Tuesday, 9 October 2012

Things to do for the Year of Faith/2: Read the (Compendium of the) Catechism

In my post a few days back on what to do for the Year of Faith, I suggested reading the Compendium of the Catechism of the Catholic Church.

It really is important, I think, for us all to refresh our knowledge of the content of the faith at regular intervals. 

It is all very well to repeat ad nauseam Karl Rahner's mantra that we should all be mystics now (!).  Even if you accept that extremely dubious proposition, as the redoubtable first Abbess of Solesmes, Cecile Bruyere pointed out in her book on the Spiritual Life, a sound foundation in dogmatic theology is a necessary foundation for a good spiritual life.  Moreover, she points out:

"It is absolute presumption to expect to obtain, by immediate light from God, that knowledge which we can and ought to acquire for ourselves as part of our work in this world." (pp9-10)

Reading the Compendium

The Conpendium of the Catechism is a good way to approach this task, not least because it is a lot shorter and pithier than the full text!
The Compendium of the Catechism is divided into four parts, so a reasonable plan would be to tackle one part each quarter.  It also provides links to the full text of the Catechism so you can easily track back to the longer version if you wish.

Accordingly today I wanted to suggest a couple of supplementary resources to help you in this endeavour, and offer an opportunity to ask questions you'd like to see answered on this blog!

The Catechism in a hermeneutic of continuity

One useful way of approaching the Catechism is to compare and contrast what it says with past Catechisms.  And a great resource for this purpose is the Nazareth Master Catechism, which allows you to read the treatment of the same issues in the Catechisms of St Thomas Aquinas, Trent, Baltimore and Pius X.

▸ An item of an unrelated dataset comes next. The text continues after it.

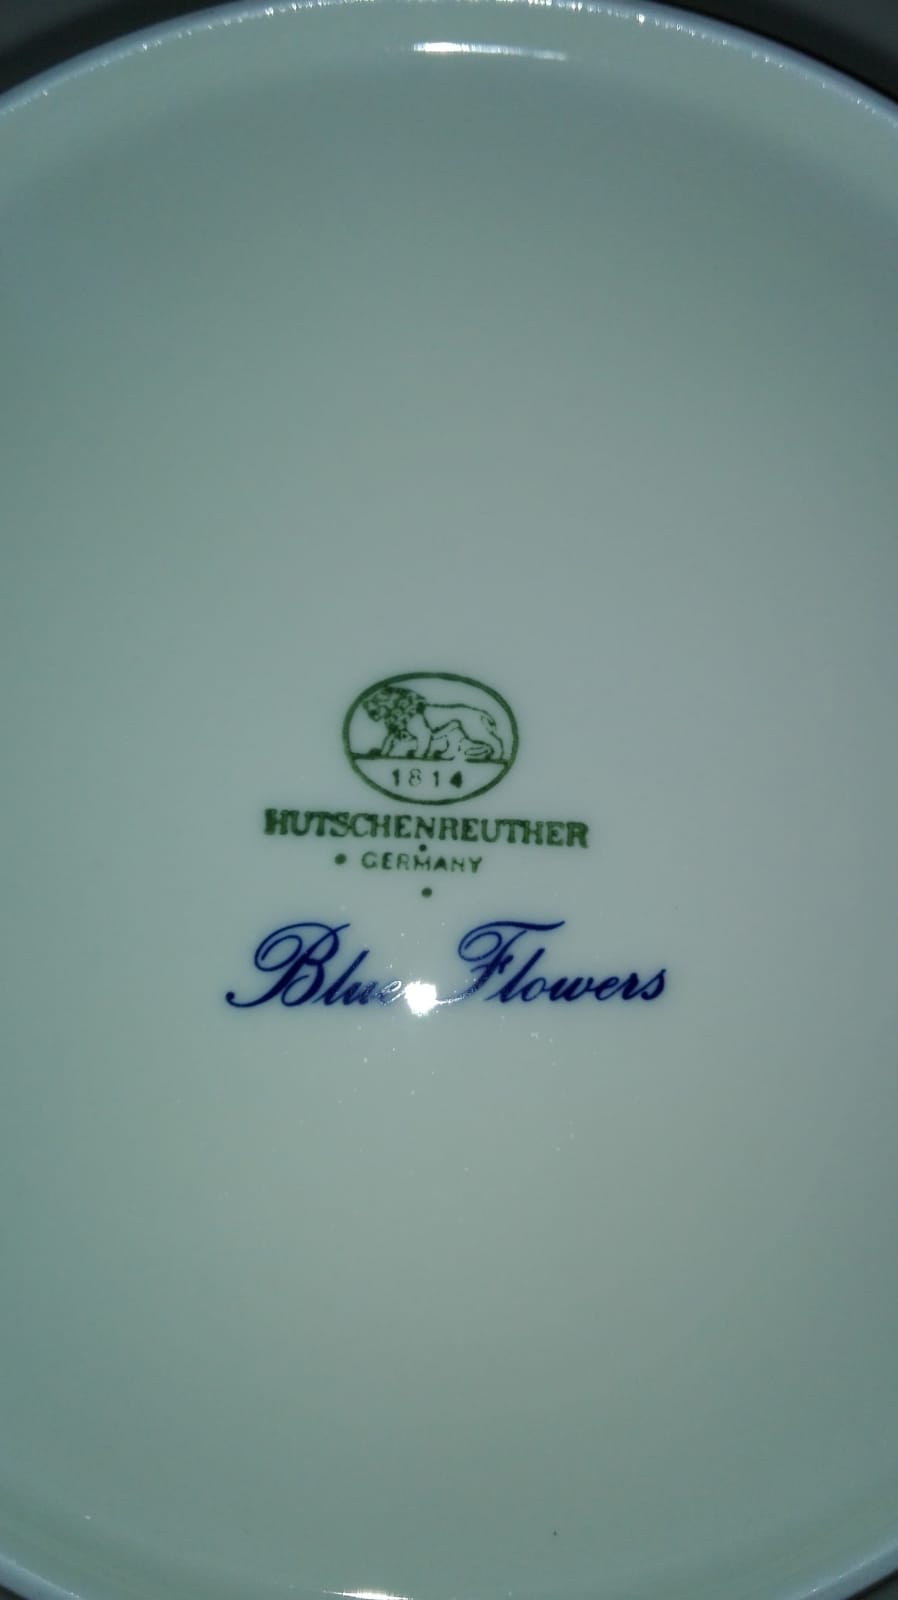 Hutschenreuther Essservice blue flowers

Another excellent resource (though you will have to buy it, it is not online) is the Companion to the Catechism of the Catholic Church.  It provides all of the Scriptural, Patristic and Magisterial documents referred to in the Catechism, making it easy to follow up all those footnotes and get the context for a particular paragraph.

What the Catechism does and doesn't say

Even with those resources, though, one of the key challenges in reading the Catechism (or its compendium) from a traditionalist perspective  is putting it into context. 

The Catechism of the Catholic Church (just like that of Trent) doesn't attempt to give an in depth treatment of every issue going, but rather focuses particularly on those issues dealt  with by the Council.

Looking at it now, twenty years on, there are more than a few issues which you wish it had rather more to say about.

Tradition and traditions

A classic example from a traditionalist point of view is the rather distinction between big T 'Tradition' (or Apostolic Tradition), and small t traditions, which the Catechism notes can be "retained, modified or even abandoned under the guidance of the Church's magisterium" (CCC 83).

That throwaway line entirely encapsulates the mentality of the last forty years or more that has often viewed longstanding traditions, even ones stretching back to the apostolic era, as of little more than 'passing worth', as The Teaching of Christ A Catholic Catechism for Adults by Bishop Wuerl and others (2005:pp190) put it.

The older theological tradition took a rather more nuanced view of this topic, employing a whole range of categories that distinguished between Divine, Apostolic and Ecclesial Traditions, and then sub-divided each of these categories in turn.  These are helpful distinctions to make I think, because they help explain why the prescriptions about not eating blood (Acts 15) or covering women's heads in Church, though clearly apostolic in origin, are not 'Divine Apostolic' injunctions valid for all time.  Yet at the same time, the very fact that something is a tradition dating back to the apostles should surely make us think hard before discarding it!

The pre-Vatican II theological tradition, reflected in texts such as the excellent Tradition and the Church by Msgr Agius, emphasized the principle lex orandi, lex credendi (the law of praying is the law of believing).  That's a concept we need to recover.

Aids to reading....

Accordingly, as a progress on my own rereading, I'll try and highlight some of the issues I see (or don't see) in the text, and point to some of the resources on topics I know of (and inviting others to share any particularly good ones they know of).

Please do feel free to suggest particular topics you'd be interested in seeing covered.

And in the meantime, get ready to start reading and studying!